Teradata’s JDBC driver, downloaded from Teradata.
A valid Starburst Enterprise license.

Configuration#

To configure the Teradata connector as example catalog, create a file named example.properties in etc/catalog (replace example with your database name or some other descriptive name of the catalog) with the following contents:

connector.name=teradata
connection-url=jdbc:teradata://HOST
connection-user=USERNAME
connection-password=PASSWORD

More information about the supported JDBC URL format and parameters of the Teradata JDBC driver is available in the Teradata documentation.

General configuration properties#

The following table describes general catalog configuration properties for the connector:

Property name	Description
`case-insensitive-name-matching`	Support case insensitive schema and table names. Defaults to `false`.
`case-insensitive-name-matching.cache-ttl`	Duration for which case insensitive schema and table names are cached. Defaults to `1m`.
`case-insensitive-name-matching.config-file`	Path to a name mapping configuration file in JSON format that allows Trino to disambiguate between schemas and tables with similar names in different cases. Defaults to `null`.
`case-insensitive-name-matching.config-file.refresh-period`	Frequency with which Trino checks the name matching configuration file for changes. The duration value defaults to `0s` (refresh disabled).
`metadata.cache-ttl`	Duration for which metadata, including table and column statistics, is cached. Defaults to `0s` (caching disabled).
`metadata.cache-missing`	Cache the fact that metadata, including table and column statistics, is not available. Defaults to `false`.
`metadata.schemas.cache-ttl`	Duration for which schema metadata is cached. Defaults to the value of `metadata.cache-ttl`.
`metadata.tables.cache-ttl`	Duration for which table metadata is cached. Defaults to the value of `metadata.cache-ttl`.
`metadata.statistics.cache-ttl`	Duration for which tables statistics are cached. Defaults to the value of `metadata.cache-ttl`.
`metadata.cache-maximum-size`	Maximum number of objects stored in the metadata cache. Defaults to `10000`.
`sql-based-metadata.enabled`	Controls how the connector retrieves metadata. When `true`, the connector uses `SELECT ` queries for faster performance. When `false`, it uses the standard JDBC metadata API, which avoids `SELECT ` but can be slower. Defaults to `true`.
`write.batch-size`	Maximum number of statements in a batched execution. Do not change this setting from the default. Non-default values may negatively impact performance. Defaults to `1000`.
`dynamic-filtering.enabled`	Push down dynamic filters into JDBC queries. Defaults to `true`.
`dynamic-filtering.wait-timeout`	Maximum duration for which Trino waits for dynamic filters to be collected from the build side of joins before starting a JDBC query. Using a large timeout can potentially result in more detailed dynamic filters. However, it can also increase latency for some queries. Defaults to `20s`.

Transaction mode#

As a new user, consider setting the Teradata system default to the ANSI session mode. For more information, read Transaction Semantics Differences in ANSI and Teradata Session Modes.

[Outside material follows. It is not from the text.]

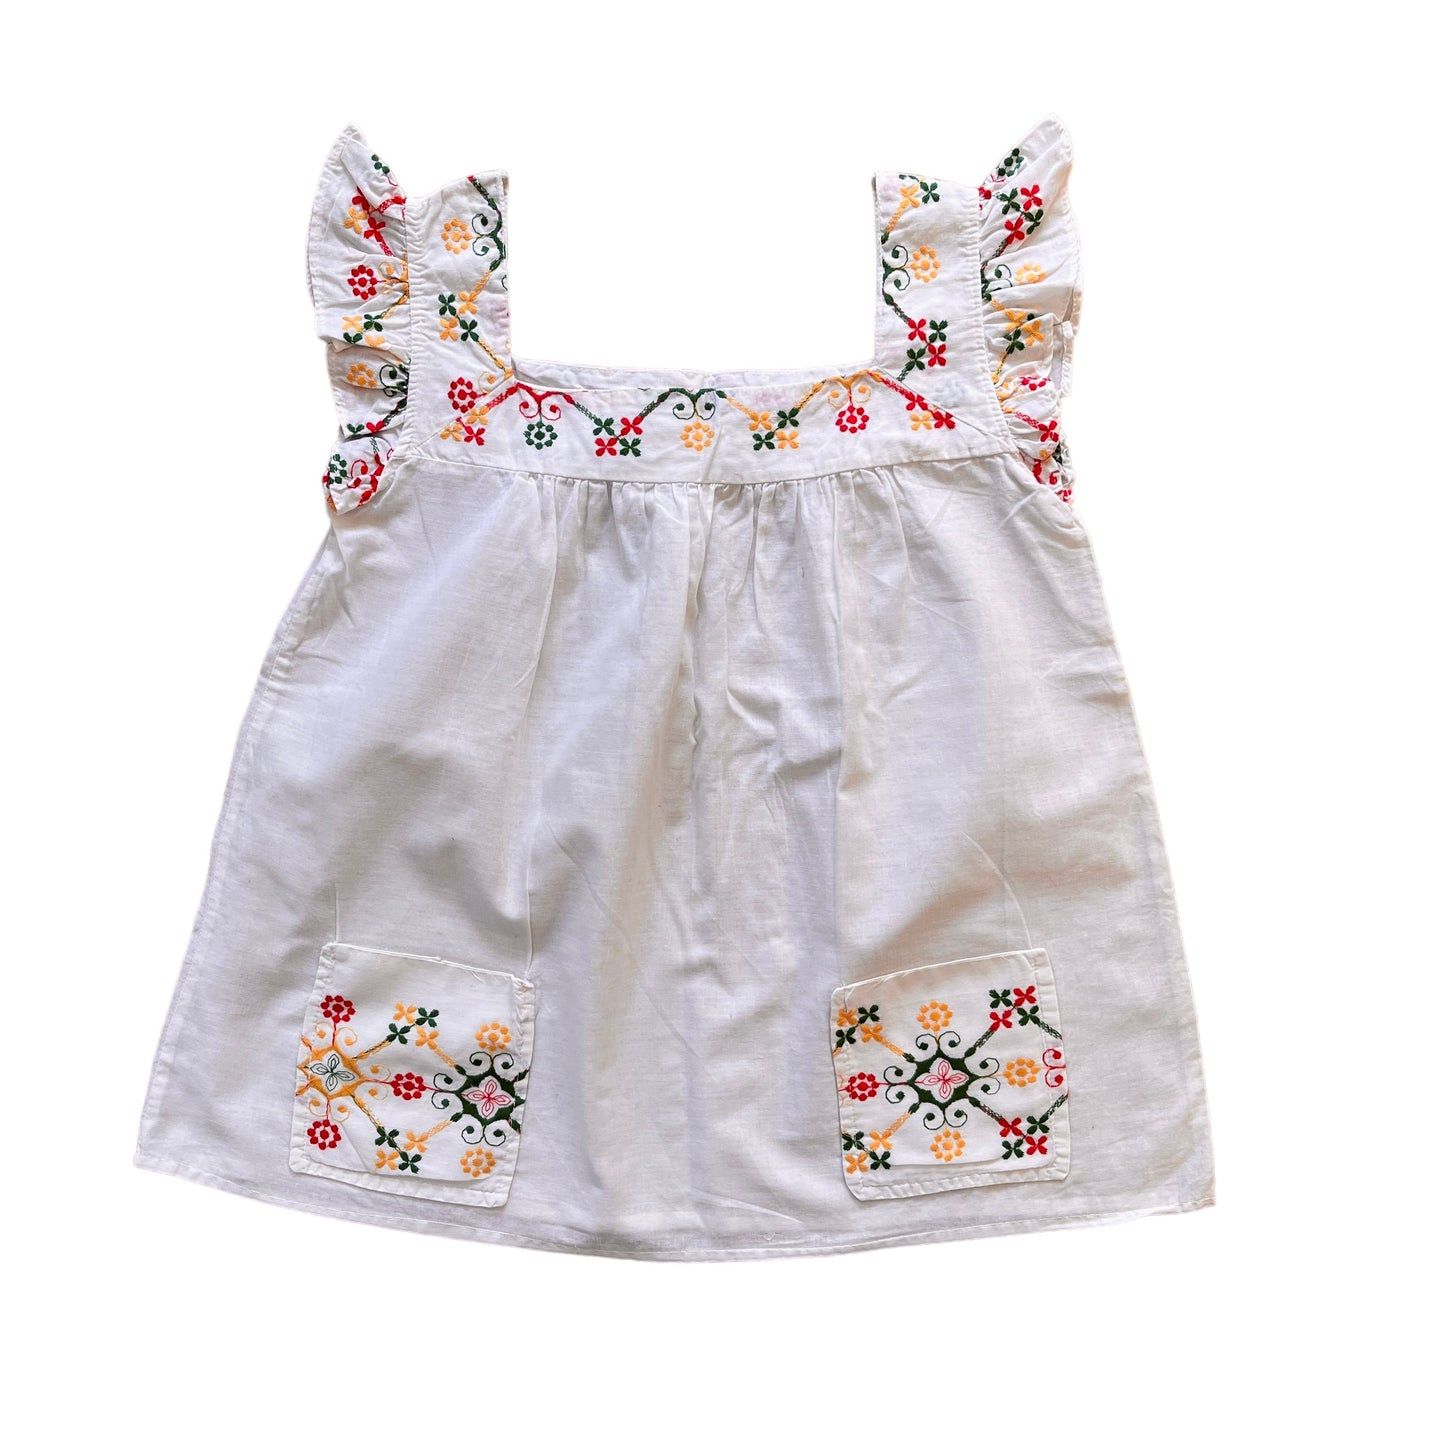 Vintage 1970s White Boho Folk Embroidered Top 10-12 Years

Unless the Teradata system default is changed, the connector defaults to the TERA transaction mode. To set the connector’s transaction mode to ANSI without changing the mode system-wide on Teradata, append /TMODE=ANSI to the connection-url parameter in your catalog properties file:

connection-url=jdbc:teradata://HOST/TMODE=ANSI

Installation#

To install the Teradata connector, use the following directions:

Obtain the Teradata JDBC driver file (terajdbc4.jar) from the Teradata website.
Add the Teradata JDBC JAR file to the SEP plugin/teradata directory.
Add SEP Teradata catalog properties file (such as example.properties for a SEP catalog named example).
Perform the above steps on every SEP cluster node.
Restart SEP on every node.

Parallelism#

SEP can read from Teradata tables using multiple parallel JDBC connections. By default, parallel reads are disabled. To enable parallel reads, set the following catalog configuration property to a value greater than 1:

Teradata parallelism configuration properties#
Property name	Description	Default
`teradata.connections-count`	Number of parallel JDBC connections to use when reading from Teradata. The corresponding catalog session property is `connections_count`.	1

Note

Parallelism is not supported for views in the Teradata JDBC connector. The Teradata Direct connector supports parallelism for both tables and views.

Type mapping#

Because Trino and Teradata each support types that the other does not, this connector modifies some types when reading or writing data. Data types may not map the same way in both directions between Trino and the data source. Refer to the following sections for type mapping in each direction.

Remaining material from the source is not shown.